(Data items)
********************

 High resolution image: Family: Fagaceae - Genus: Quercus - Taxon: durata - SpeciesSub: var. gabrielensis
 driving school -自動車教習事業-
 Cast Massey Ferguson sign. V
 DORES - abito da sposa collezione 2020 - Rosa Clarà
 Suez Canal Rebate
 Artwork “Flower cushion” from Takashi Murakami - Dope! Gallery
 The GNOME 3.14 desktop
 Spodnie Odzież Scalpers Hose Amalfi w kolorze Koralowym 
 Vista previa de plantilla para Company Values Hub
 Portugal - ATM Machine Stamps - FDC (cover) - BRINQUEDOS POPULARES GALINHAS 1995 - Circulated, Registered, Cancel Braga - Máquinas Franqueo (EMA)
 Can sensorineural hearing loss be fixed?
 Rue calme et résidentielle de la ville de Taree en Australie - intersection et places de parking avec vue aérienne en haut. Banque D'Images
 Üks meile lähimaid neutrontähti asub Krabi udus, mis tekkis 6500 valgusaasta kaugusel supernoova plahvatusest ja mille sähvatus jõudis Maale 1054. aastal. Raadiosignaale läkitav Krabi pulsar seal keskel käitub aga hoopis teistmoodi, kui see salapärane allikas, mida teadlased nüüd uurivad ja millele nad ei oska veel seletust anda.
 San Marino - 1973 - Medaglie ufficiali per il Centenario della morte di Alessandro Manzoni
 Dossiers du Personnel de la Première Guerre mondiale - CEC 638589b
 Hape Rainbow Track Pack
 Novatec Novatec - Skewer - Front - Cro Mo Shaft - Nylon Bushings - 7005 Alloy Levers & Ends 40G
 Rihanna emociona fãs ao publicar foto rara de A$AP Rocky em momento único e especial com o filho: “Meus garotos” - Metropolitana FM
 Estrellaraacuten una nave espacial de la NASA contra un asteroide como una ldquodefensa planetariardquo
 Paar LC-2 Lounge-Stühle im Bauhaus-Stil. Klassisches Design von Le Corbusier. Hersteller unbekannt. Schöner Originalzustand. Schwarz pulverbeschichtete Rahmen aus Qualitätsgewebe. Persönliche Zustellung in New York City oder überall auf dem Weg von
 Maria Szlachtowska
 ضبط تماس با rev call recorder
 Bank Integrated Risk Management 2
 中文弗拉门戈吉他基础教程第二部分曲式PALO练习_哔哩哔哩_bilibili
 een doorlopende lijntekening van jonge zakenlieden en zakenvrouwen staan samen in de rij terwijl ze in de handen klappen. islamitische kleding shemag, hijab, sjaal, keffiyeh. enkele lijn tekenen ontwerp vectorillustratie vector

********************

= Goal of the exercise =
Print the records once more, exactly as written.

= Solution =
 High resolution image: Family: Fagaceae - Genus: Quercus - Taxon: durata - SpeciesSub: var. gabrielensis
 driving school -自動車教習事業-
 Cast Massey Ferguson sign. V
 DORES - abito da sposa collezione 2020 - Rosa Clarà
 Suez Canal Rebate
 Artwork “Flower cushion” from Takashi Murakami - Dope! Gallery
 The GNOME 3.14 desktop
 Spodnie Odzież Scalpers Hose Amalfi w kolorze Koralowym 
 Vista previa de plantilla para Company Values Hub
 Portugal - ATM Machine Stamps - FDC (cover) - BRINQUEDOS POPULARES GALINHAS 1995 - Circulated, Registered, Cancel Braga - Máquinas Franqueo (EMA)
 Can sensorineural hearing loss be fixed?
 Rue calme et résidentielle de la ville de Taree en Australie - intersection et places de parking avec vue aérienne en haut. Banque D'Images
 Üks meile lähimaid neutrontähti asub Krabi udus, mis tekkis 6500 valgusaasta kaugusel supernoova plahvatusest ja mille sähvatus jõudis Maale 1054. aastal. Raadiosignaale läkitav Krabi pulsar seal keskel käitub aga hoopis teistmoodi, kui see salapärane allikas, mida teadlased nüüd uurivad ja millele nad ei oska veel seletust anda.
 San Marino - 1973 - Medaglie ufficiali per il Centenario della morte di Alessandro Manzoni
 Dossiers du Personnel de la Première Guerre mondiale - CEC 638589b
 Hape Rainbow Track Pack
 Novatec Novatec - Skewer - Front - Cro Mo Shaft - Nylon Bushings - 7005 Alloy Levers & Ends 40G
 Rihanna emociona fãs ao publicar foto rara de A$AP Rocky em momento único e especial com o filho: “Meus garotos” - Metropolitana FM
 Estrellaraacuten una nave espacial de la NASA contra un asteroide como una ldquodefensa planetariardquo
 Paar LC-2 Lounge-Stühle im Bauhaus-Stil. Klassisches Design von Le Corbusier. Hersteller unbekannt. Schöner Originalzustand. Schwarz pulverbeschichtete Rahmen aus Qualitätsgewebe. Persönliche Zustellung in New York City oder überall auf dem Weg von
 Maria Szlachtowska
 ضبط تماس با rev call recorder
 Bank Integrated Risk Management 2
 中文弗拉门戈吉他基础教程第二部分曲式PALO练习_哔哩哔哩_bilibili
 een doorlopende lijntekening van jonge zakenlieden en zakenvrouwen staan samen in de rij terwijl ze in de handen klappen. islamitische kleding shemag, hijab, sjaal, keffiyeh. enkele lijn tekenen ontwerp vectorillustratie vector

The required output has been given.